Application Layer firewalls can examine the payload of a packet and filter traffic based on that. They can allow or deny certain Application Layer requests coming from a user. Firewalls rules can also be created to block malicious traffic on allowed ports. 

You can find more on how Web Application Firewalls work here : Web Application Firewalls


Deep Packet Inspection


Deep Packet Inspection or DPI can look into the data part of a network packet and filter traffic accordingly. DPI can monitor the payload of each packet and detect protocols, applications, inappropriate URLs and intrusion attempts. It also can produce much more detailed logs, which can help in dealing with security incidents. DPI can eliminate unwanted traffic before it can attack the entire network. 

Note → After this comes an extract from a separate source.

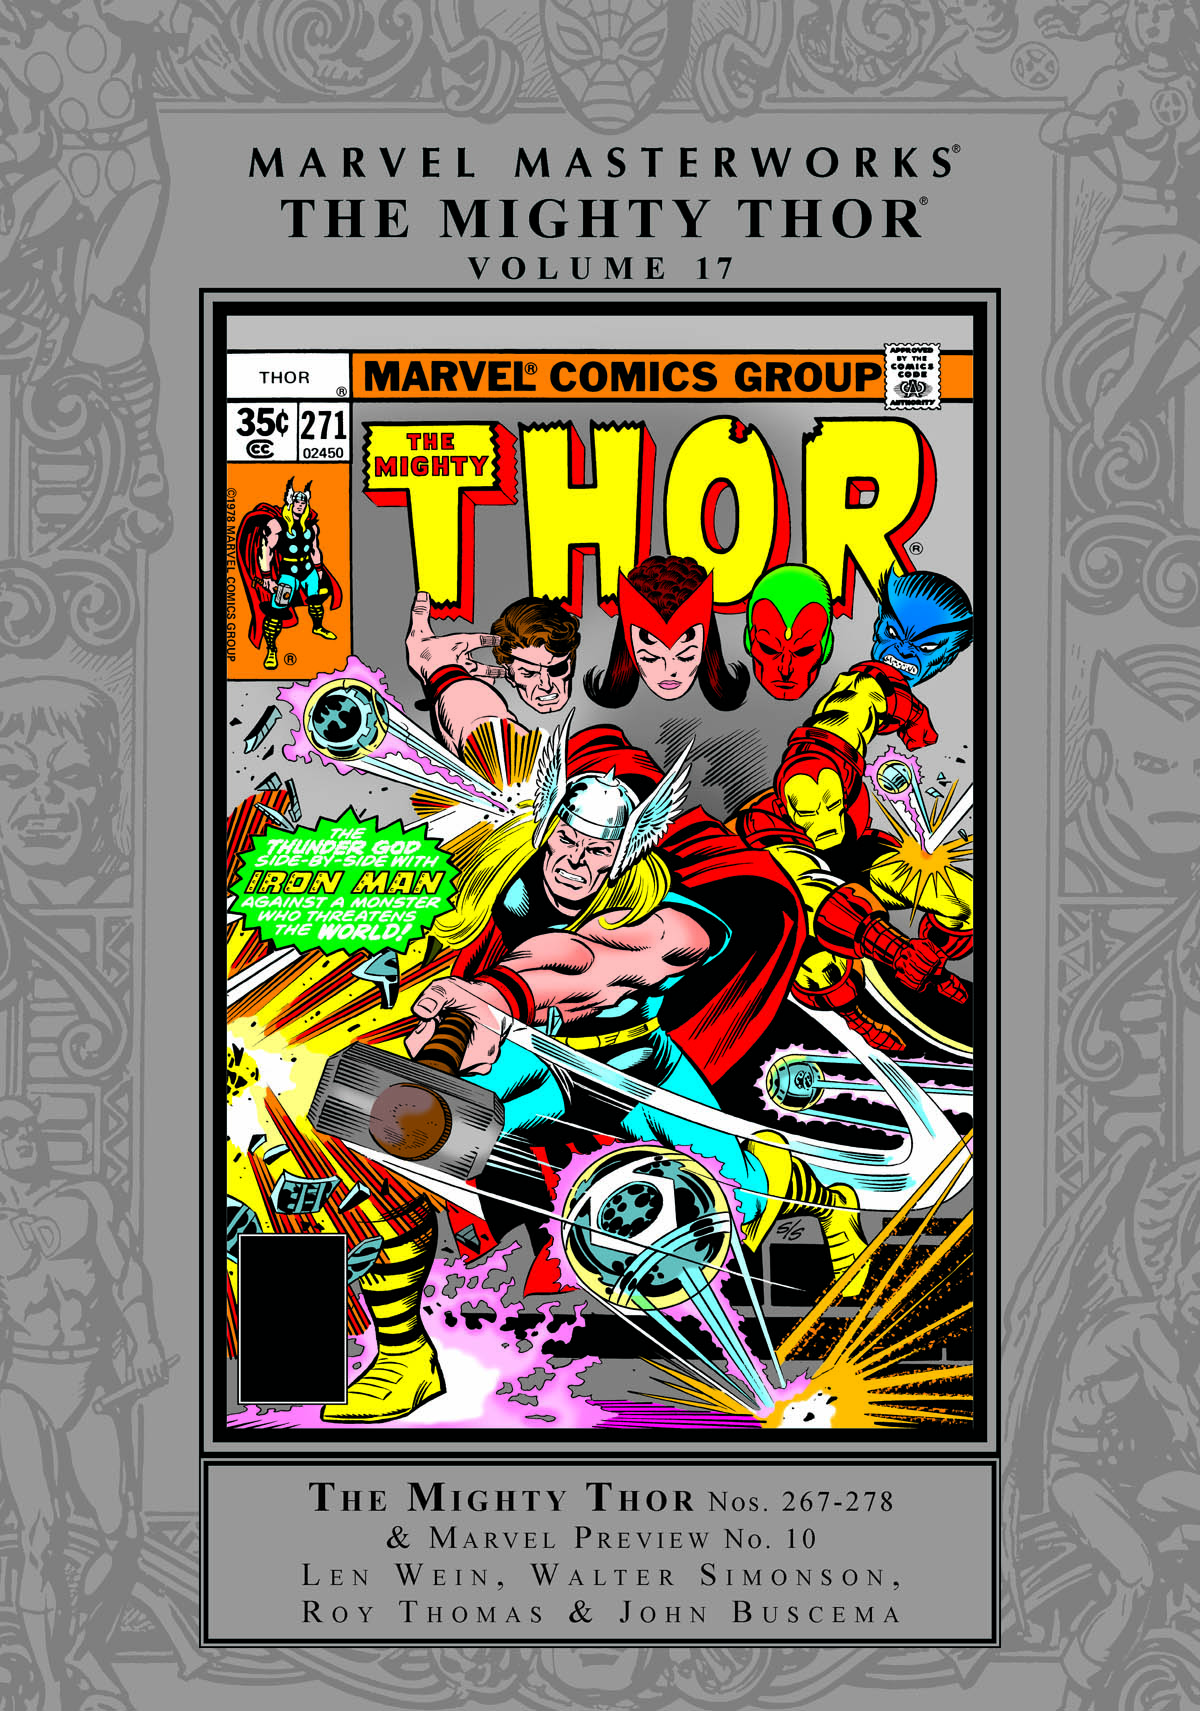 Marvel Masterworks: The Mighty Thor Vol. 17 (Trade Paperback)

You can find more on how Deep Packet Inspection works here : Deep Packet Inspection


Using IDS/IPS


IDS/IPS can match the packet signature with existing attack signatures present in a database and filter traffic accordingly. If a database is adequately populated, they can detect and prevent network attacks with much less false positives.

You can find more on how IDS and IPS work here : IDS and IPS


High Capacity Network Bandwidth


High capacity network bandwidth helps in preventing Layer 3 and Layer 4 DDoS attacks up to a great extent. Layer 3 or Layer 4 DDoS attacks are usually possible if the network bandwidth of the attackers is more than that of the attacked network. Hence, increasing the capacity of the network bandwidth does help.